Australia, Cook Islands, Kiribati, Niue, Samoa, Solomon Islands, Tonga and New Zealand have ratified P.A.C.E.R Plus while Nauru, Tuvalu and Vanuatu are yet to do so.

The Samoa Observer spoke to five farmers at the Fugalei market to gauge how ratification of the P.A.C.E.R. Plus agreement is being received. 

Out of the five farmers that this newspaper spoke to, just one said he heard about P.A.C.E.R. Plus while a taro farmer from Aleipata said he has, but doesn’t quite understand what it is about.

Joanne Wirth, who operates the VegePlus Stalls at Fugalei, had not heard of P.A.C.E.R. Plus until Thursday and if it means no tariffs on produce exports from Samoa into Australia and New Zealand, she is for it.

“Free trade? And even with their stuff coming in? I guess I would be [interested] but we’d need to have a lot of farmers coming together.”

She added that there is a farmer’s group but no one visits the Fugalei market to talk about industry-issues like the P.A.C.E.R. Plus unless they are collecting information for surveys.

“There are farmer’s groups but they rarely come here and talk to us. The farmers have their own association to talk about their stuff but unless it’s for surveys then they come around,” she added.

“Maybe they are having talks but I don’t know much about it.”

Ms Wirth is not a farmer but her family is in the farming business. 


She added that there is more on the business side of it and talked about the produce she sells like cabbage, kumara and sweet pumpkin which are brought to the market from Aleisa.

When told the trade agreement should benefit Samoa’s exporters, she said she had a few ideas on what produce is available at the Fugalei market and would make good exports.

“I think the good things to export are the Samoan pineapples and ginger. I don’t know about pumpkins though because New Zealand they aren’t big on pumpkins. So it’s probably ginger, turmeric and pineapples,” she said.

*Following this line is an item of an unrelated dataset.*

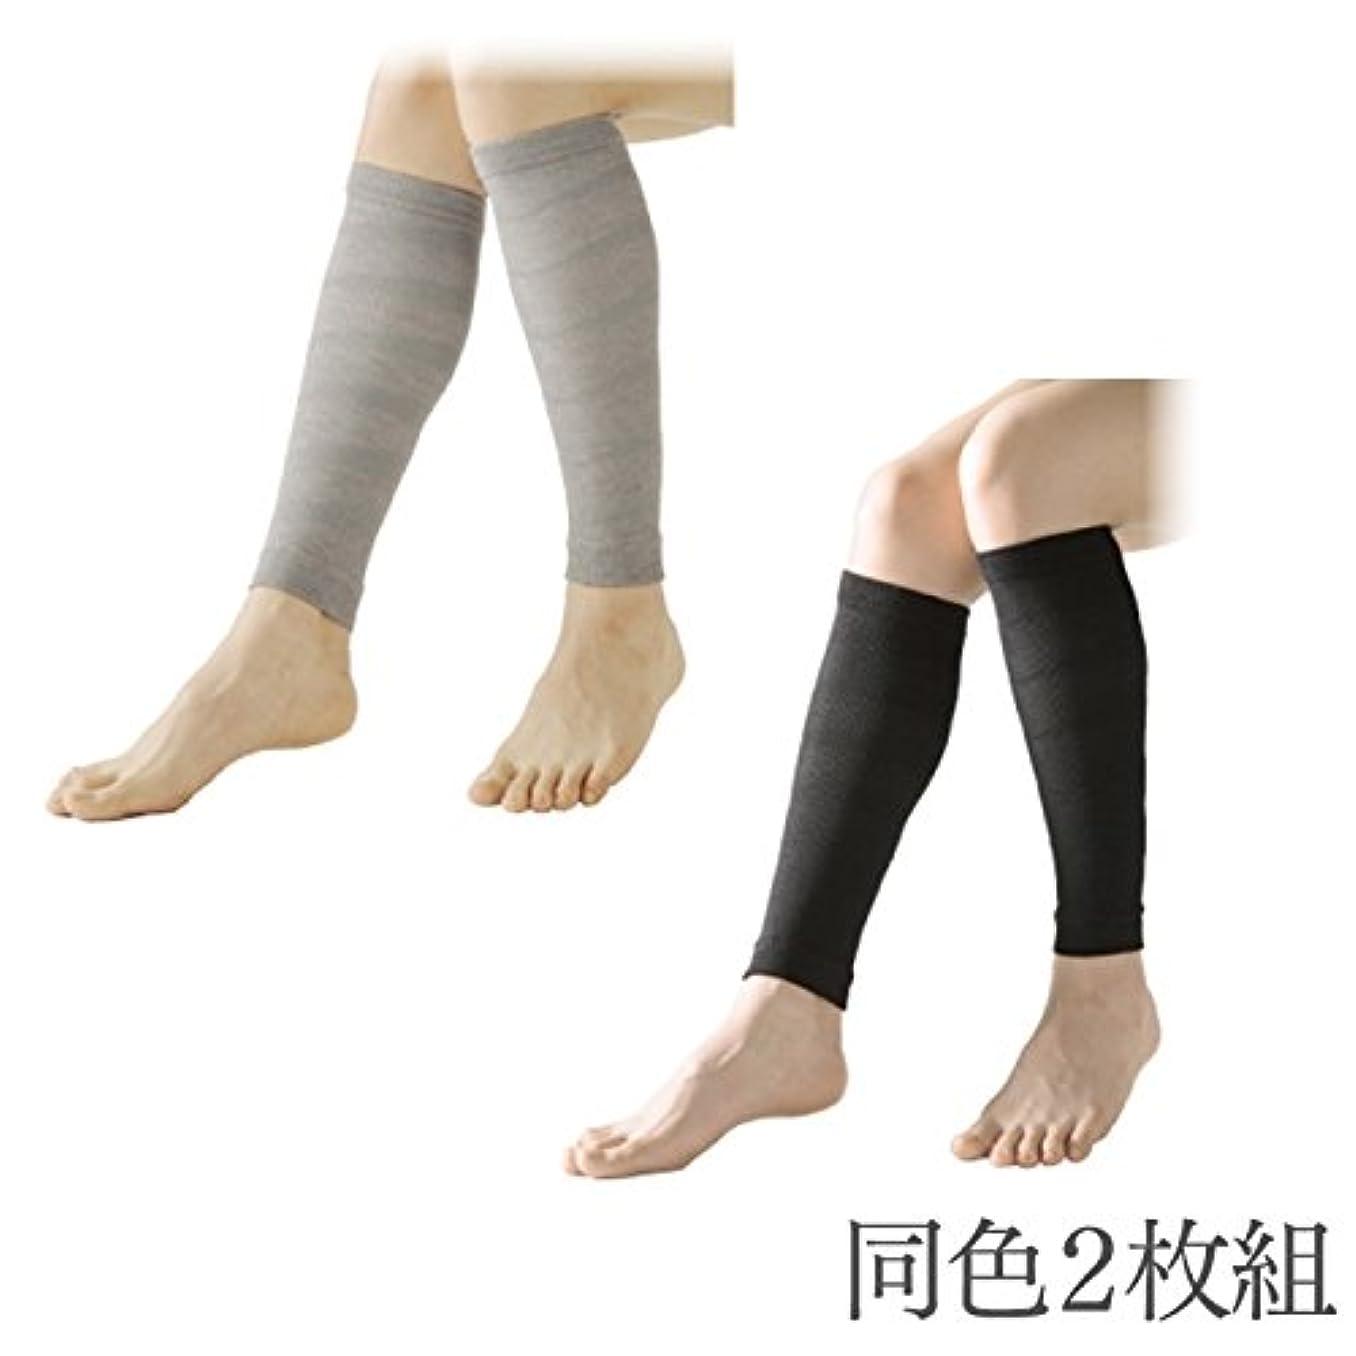 ええコンサルタント住所着圧ソックス 足のむくみ 靴下 むくみ解消 着圧ふくらはぎサポーター 2枚組
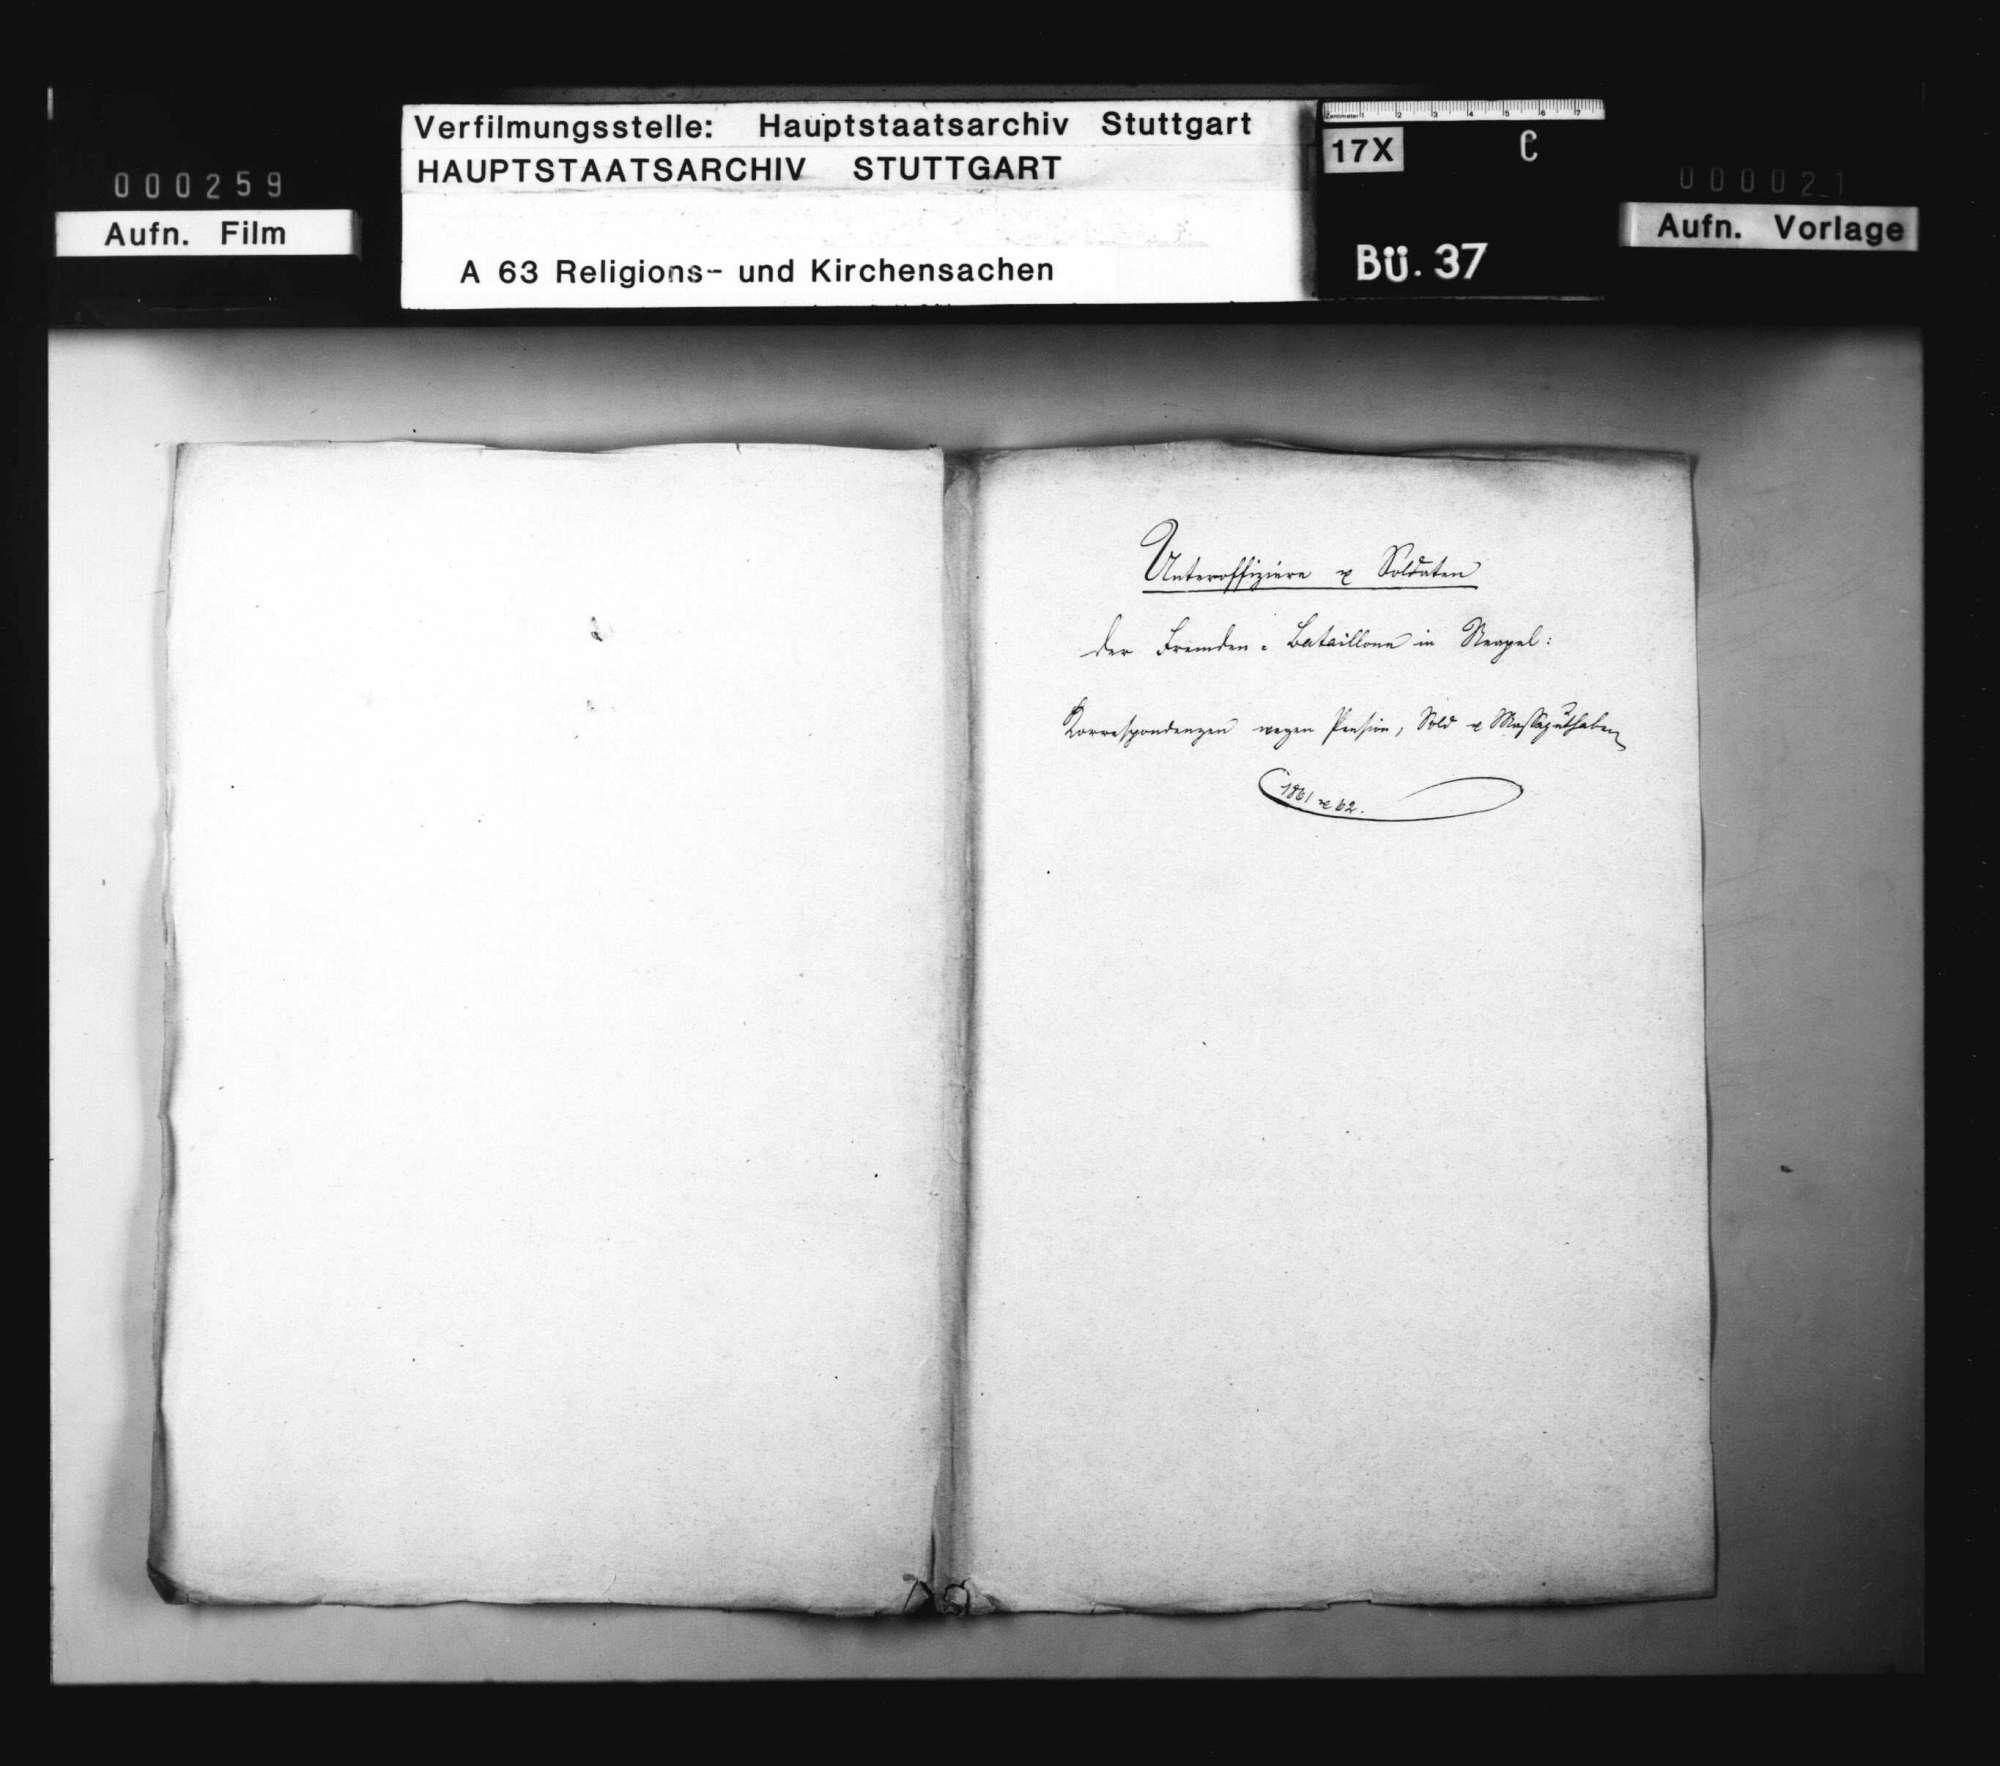 Schreiben von und an Pfalzgraf Johann Kasimir, Herzog Christoph und Pfalzgraf Wolfgang, warum sich mit dem Kurfürsten zu Pfalz in Religionssachen nicht einzulassen., Bild 1

“It’s [the] stuff that lasts longer when you ship it over. The pineapples, you can pick them when they are mature and they ripen on their way over…taro, well they are already doing that but it would be good if there is no duty to pay. It’s good for the farmers. Maybe they will get more out of it.”

Tony Aukusitino, a taro farmer from Aleipata, said: “I have heard of it but I don’t really know what it’s about.”

Led by the Ministry of Foreign Affairs and Trade (M.F.A.T.), negotiations for P.A.C.E.R. Plus began in 2009, according to the Government.